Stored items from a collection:
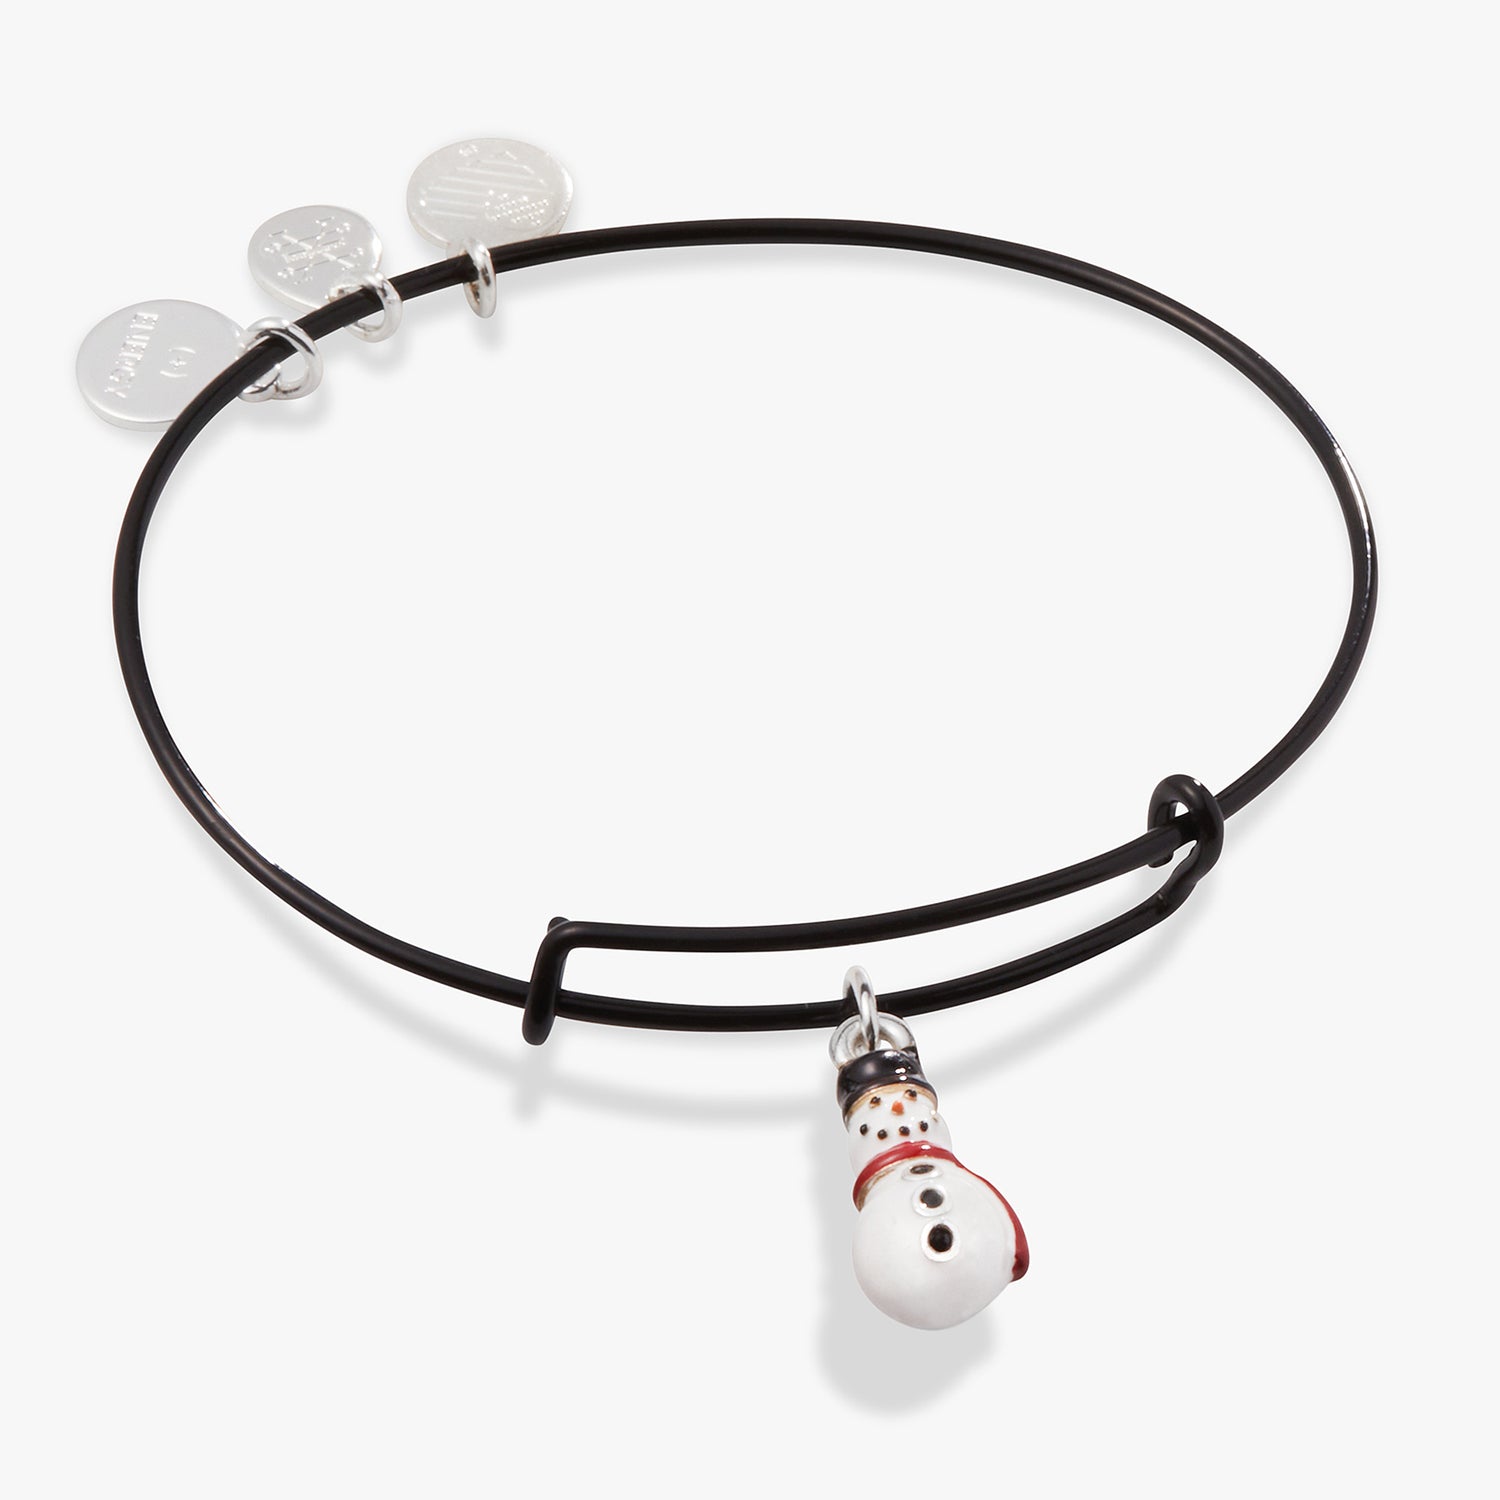 Snowman Charm Bangle Bracelet, Black
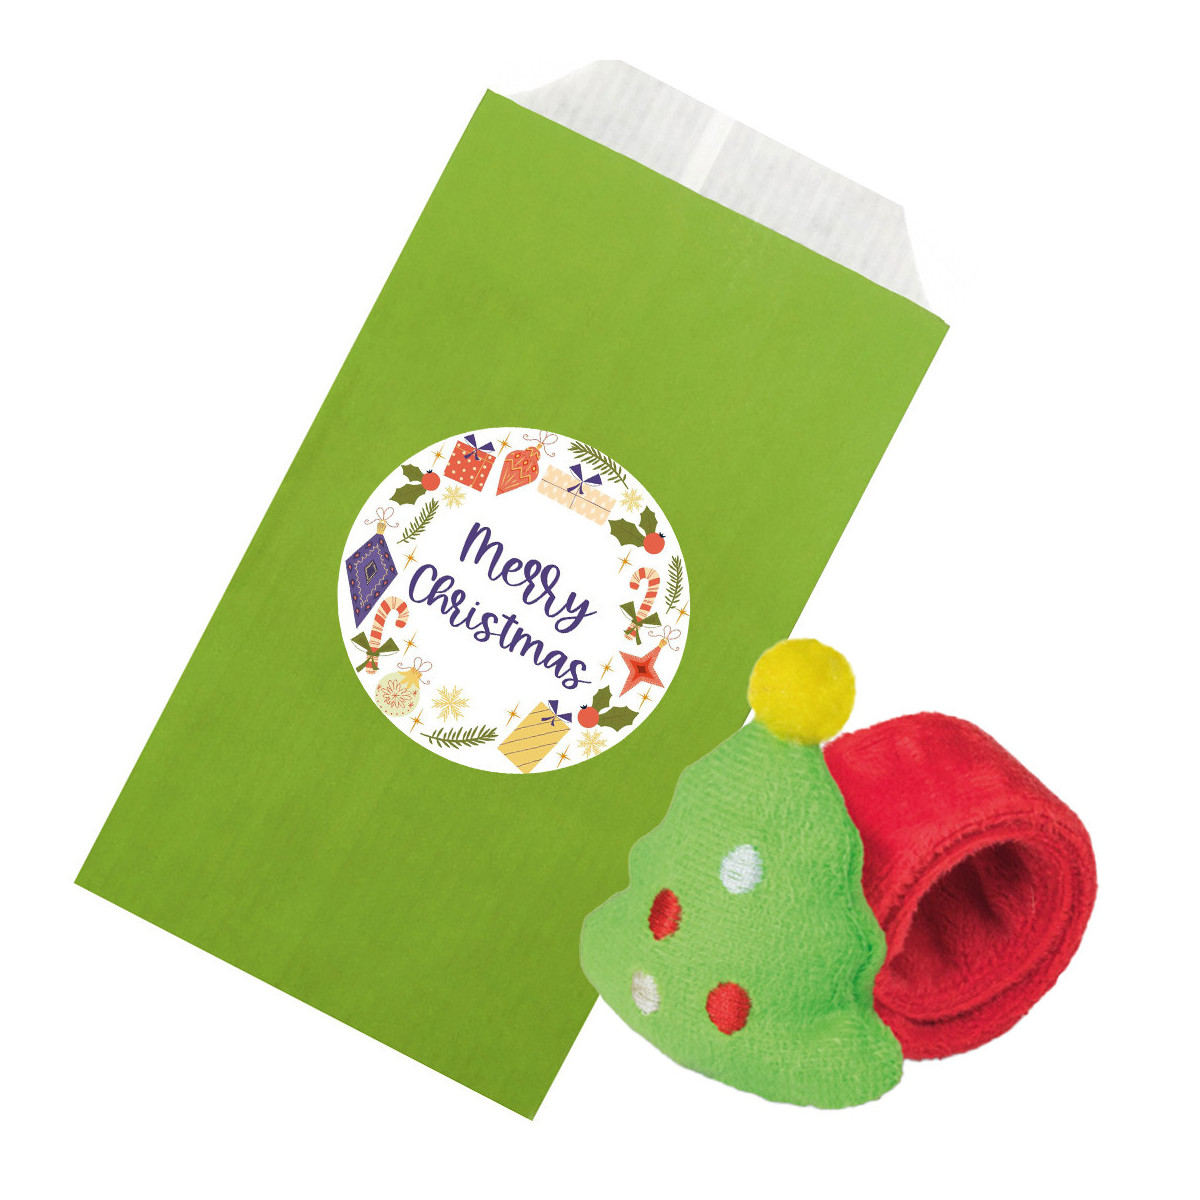 Bracciale arrotolabile natalizio con ornamento per albero di natale in busta di carta regalo con adesivo per personalizzare
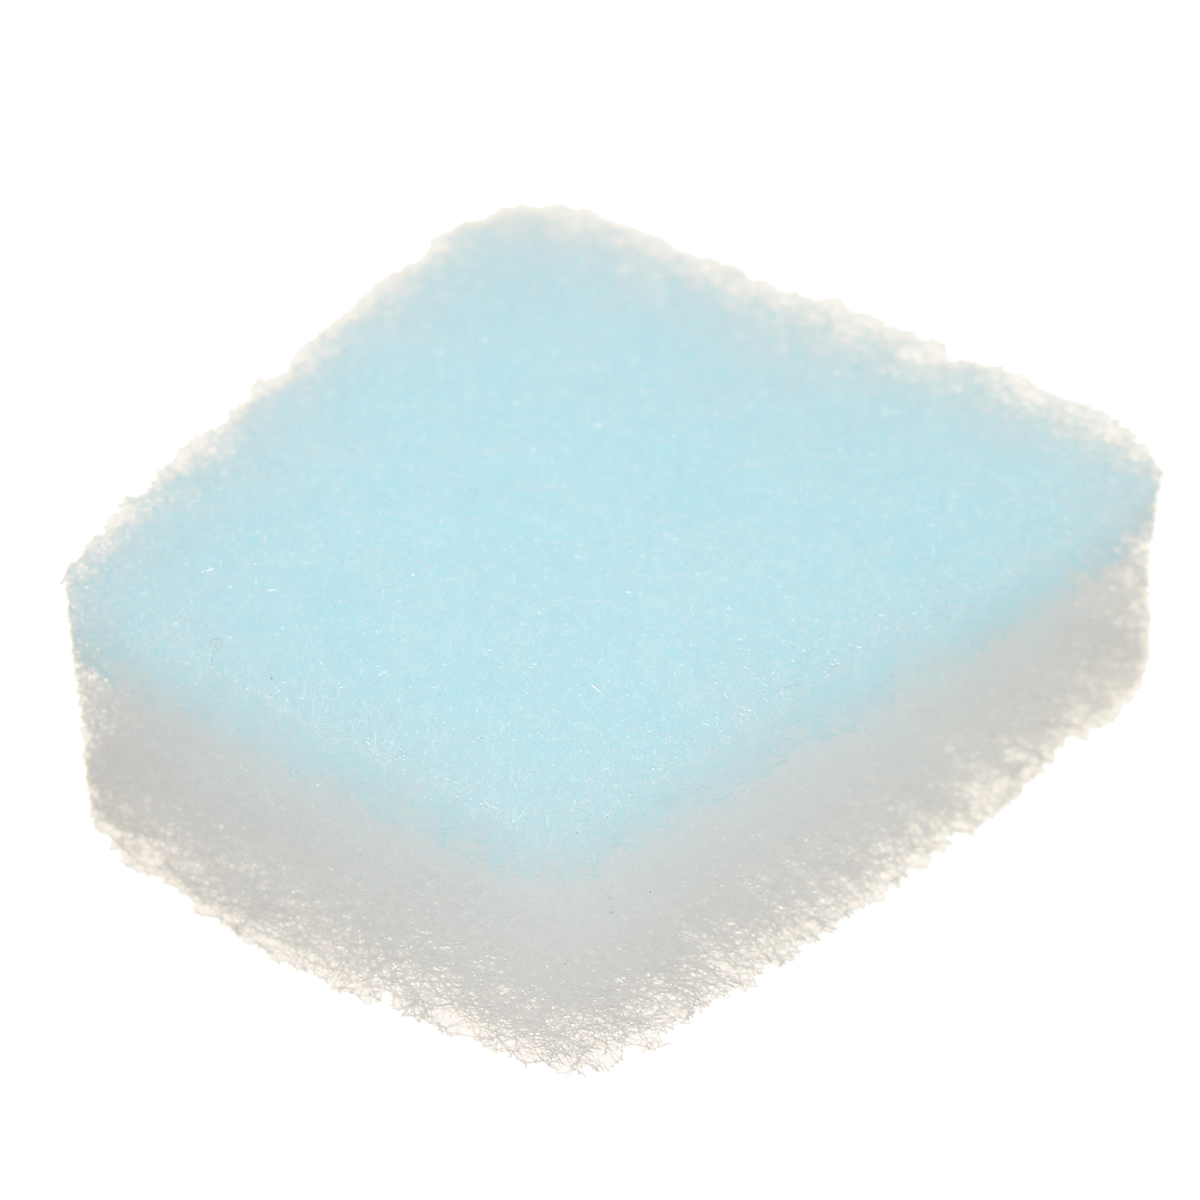 1-PC-Hypoallergenic-Filter-Sponge-Foam-for-ResMed-S7-S8-1242032
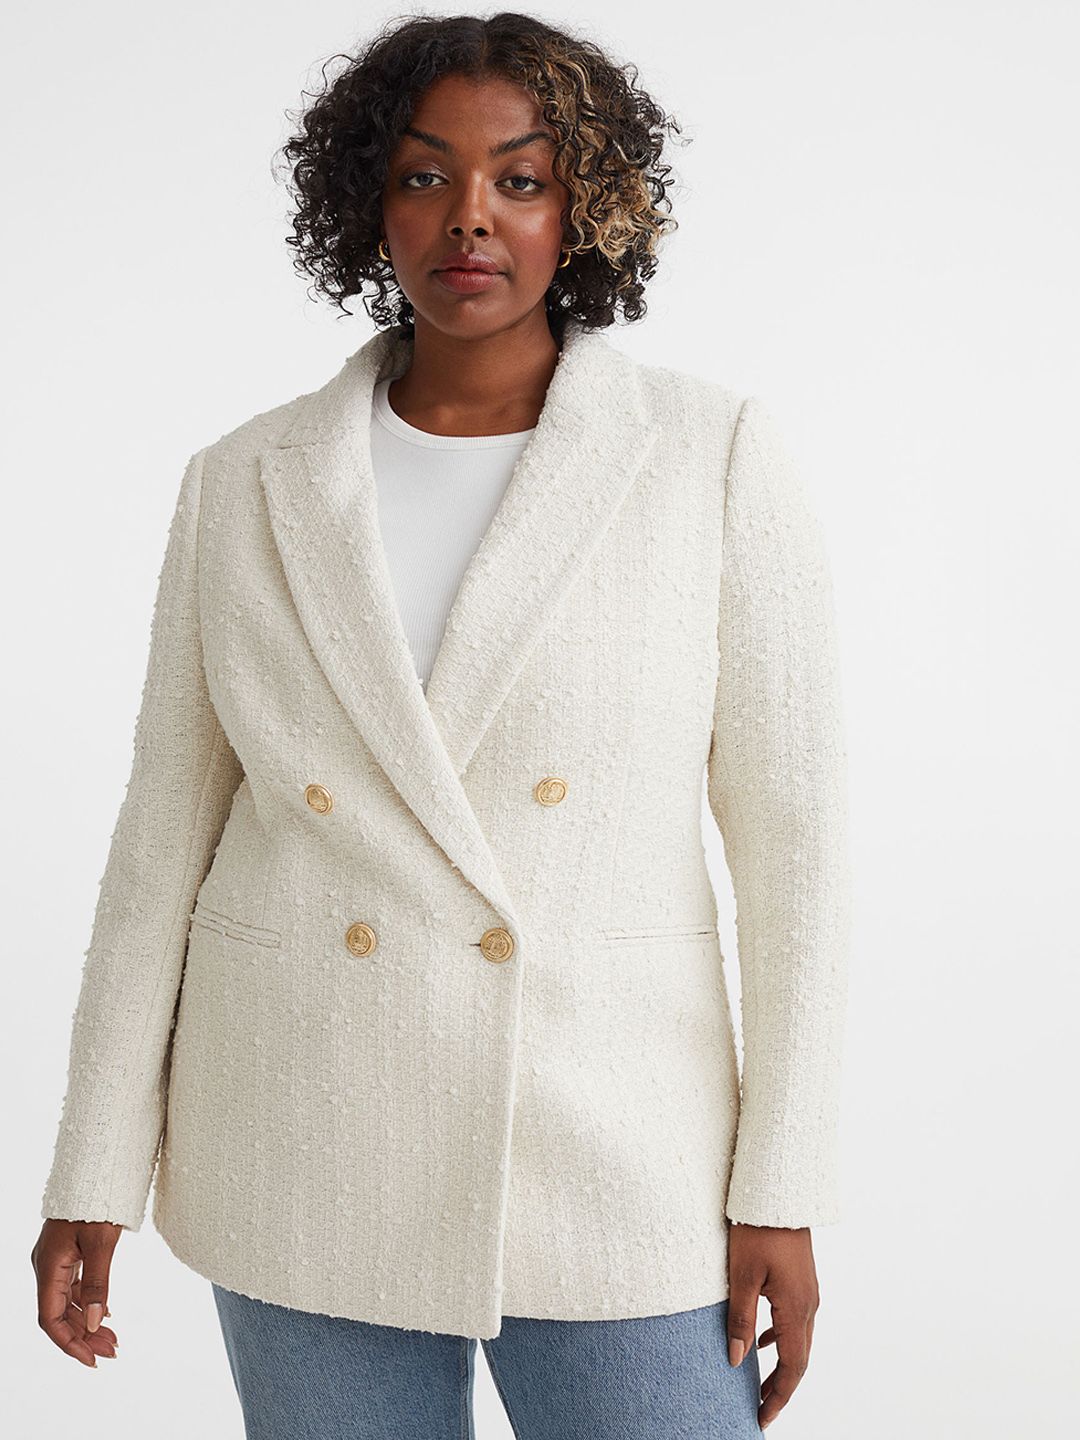 H&M Women White Textured-Weave Blazer Price in India
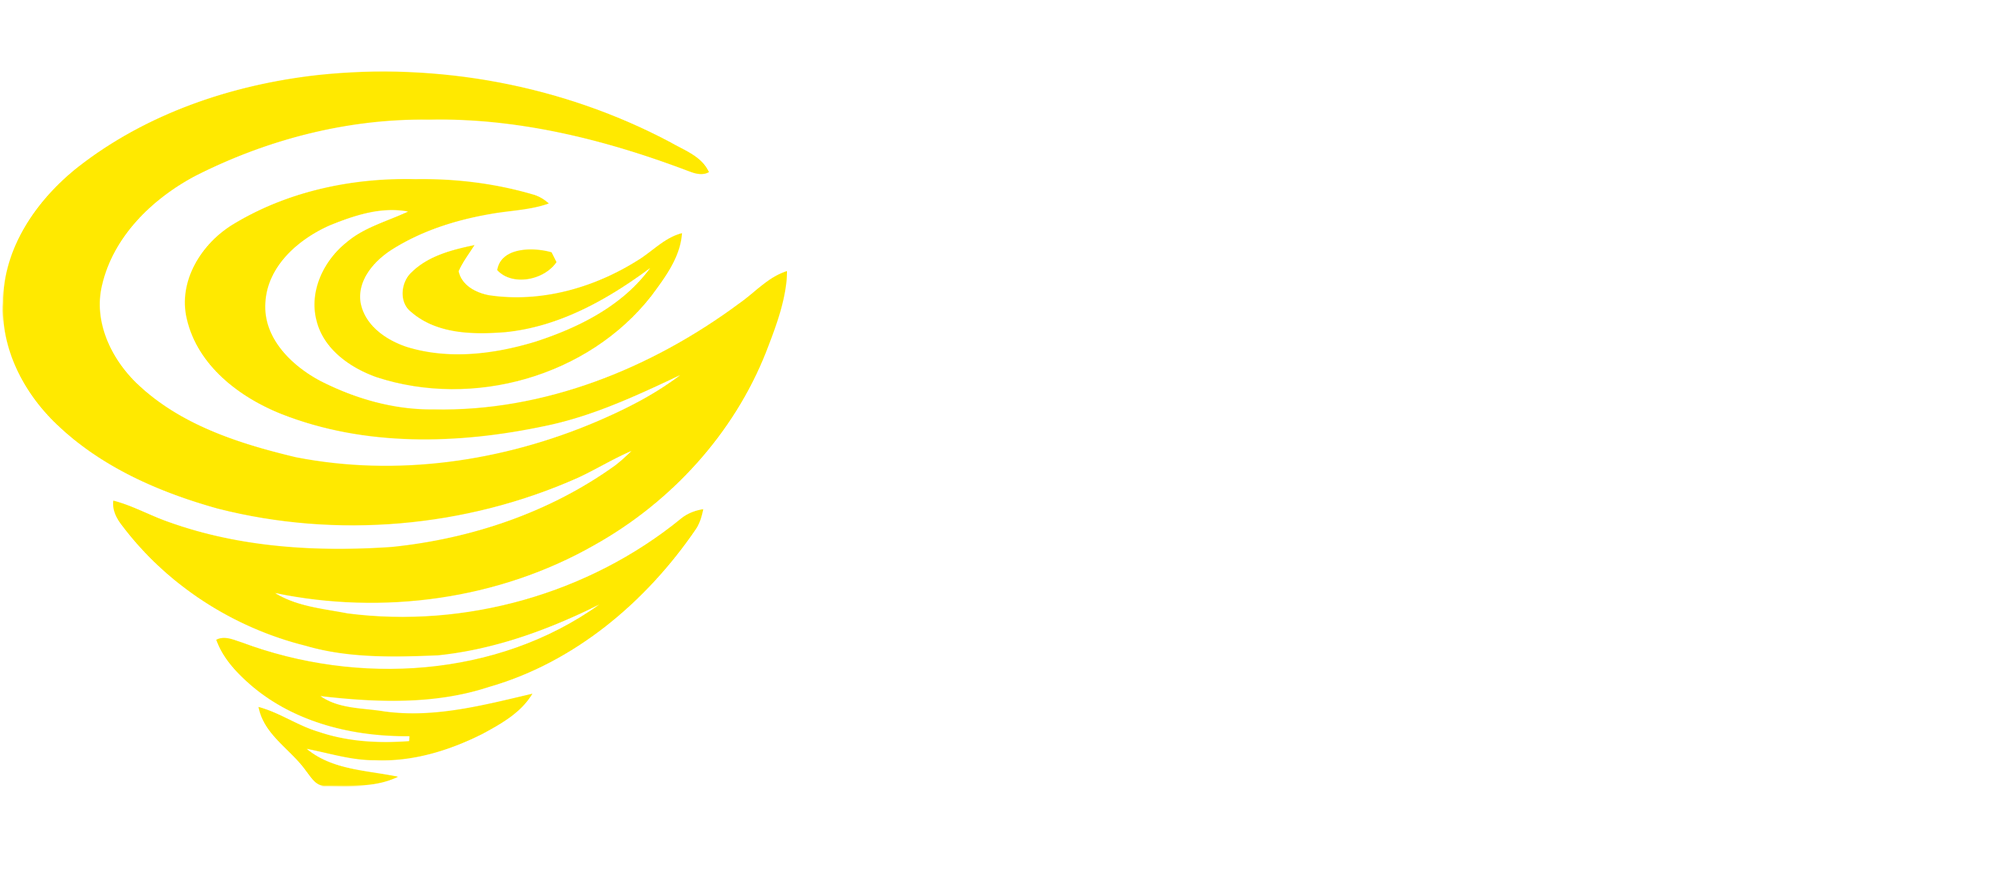 Tornado Movies

What the exercise asks: Reproduce every record word for word. The copy must contain no pictures.

Solution for this task:
 Snowman Charm Bangle Bracelet, Black
 Bracciale arrotolabile natalizio con ornamento per albero di natale in busta di carta regalo con adesivo per personalizzare
 1-PC-Hypoallergenic-Filter-Sponge-Foam-for-ResMed-S7-S8-1242032
 H&M Women White Textured-Weave Blazer Price in India
 Tornado Movies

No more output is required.